Однако я продолжал стоять, преданный, как никогда в жизни. Он глянул воинственно, задумался, звякнул и быстро бросил:
– Штатский?
– Так точно, штатский, госпо…
– Служишь?
– Так то…
– Жена, дети?
– Разрешите доло…
– Н-н-а! – добродушно произнес старец. Он размышлял седовласо, кустисто, шевеля пухлой бородавкой междуусья. Он и вправду был крапчатый, я это видел вблизи.
– Тайный агент, – тихо прохрипел он. – Тайняк… видно. Сразу видно. Бывалый… матерый тайняк… Ко мне!
Он поманил меня пальцем, не отнимая руки в белоснежной перчатке от армираклей портупеи, утопавшей в шнурах и звездах. Сердце подступило к самому горлу. Я вышел из общего ряда. Охрана в глубине зашумела, но самый плечистый из уборщиков прокашлял отбой. Я двинулся вместе со старцем, сопровождаемый возбуждающим как щекотка шепотом свиты, выжидая только минуту, чтобы припасть к ногам. Мы шествовали по коридору. У белых дверей вытягивались в струнку офицеры, словно пораженные нашим приближением, и головы себе сворачивали, отдавая честь. Перед Отделом награждения орденами и лишения оных нас ждал его начальник, старик полковник при шпаге. Мы прошли через Залы Дипломанции, Лактанции, Толеранции, Эксгумации и Реабилитации; наконец у двух последних дверей, ведших в Залы Награждения и Лишения, адмирадьер звякнул и остановился. Я встал рядом. Как юла подлетел начальник Отдела.
– Н-н-а? – разрешил ему адмирадьер доверительный шепот. – Что за церемония?
– Контрцеремония, господин ад…
Он принялся вшептывать в восковое ухо сановника распорядок церемонии; до меня доносилось только: «пятерых… рвать… драть… мать…»
– Н-н-а! – крякнул сановник. Медленным шагом подошел к дверям Зала Лишения и застыл у порога.
– Тайняк! Ко мне!
Я подбежал. Он не двигался с места. Царственный – посуровел; белым пальцем поправил орден, натянул кивер и резко, неумолимо вошел. Я за ним.
Зал был поистине тронный, но вместе и траурный – стены задрапированы черной тканью в искусных складках, с высокого потолка свисали на черных шнурах люстры крупнейших калибров – грузные овалы венецианского стекла, мрачные, полуслепые зерцала из разбавленной свинцом ртути, высасывавшей весь свет в зале; по углам похожие на зеркальные катафалки пластины из холодной стекловидной массы, в оправе из черного дерева; между ними, словно охваченные безумным страхом глаза, зияли диски из посеребренной бронзы. В вогнутых все раздувалось, словно вот-вот лопнет, в выпуклых зал умалялся, стянутый вдоль швов перспективы. Между этими неживыми свидетелями предстоящей контрцеремонии, на великолепном ковре, вышитом змеями и иудами, стояли навытяжку пять офицеров с аксельбантами, позументами и эполетами, при саблях, точно на параде. Бледные как смерть, они замерли, увидев адмирадьера, лишь орденские звезды искрились у них на груди да покачивались у плеч серебряные шнуры и кисти.
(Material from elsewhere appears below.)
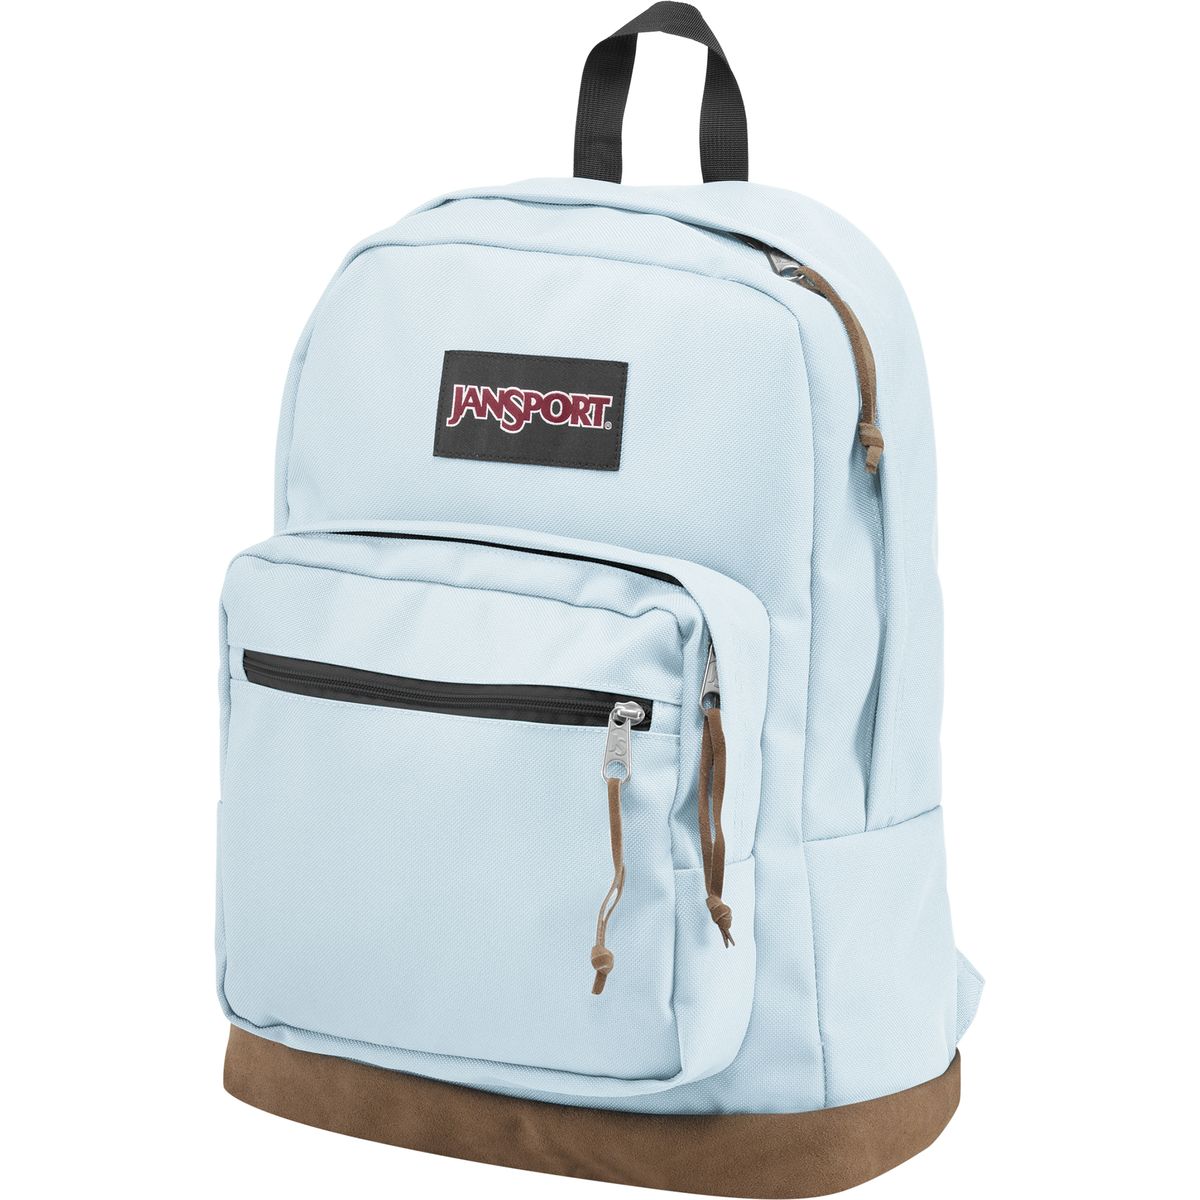 Jansport Right Pack 31l Backpack Grey Rabbit One Size

Великолепие их фигур, казалось, опровергало то, что я услышал минутою раньше, но я тотчас понял свою ошибку. Адмирадьер прошелся перед пятеркой офицеров в одну сторону, в другую, наконец, задержавшись возле крайнего, рявкнул:
– Позор?!
Он умолк, словно бы чем-то недовольный, и знаком велел мне выключить верхний свет. Центр зала погрузился в полумрак, из которого призрачно проступали наклоненные к центру зеркала. Адмирадьер отступил в тень, за границу света, но так было совсем плохо. Он вернулся и, когда седина его засеребрилась опять, жадно втянул воздух.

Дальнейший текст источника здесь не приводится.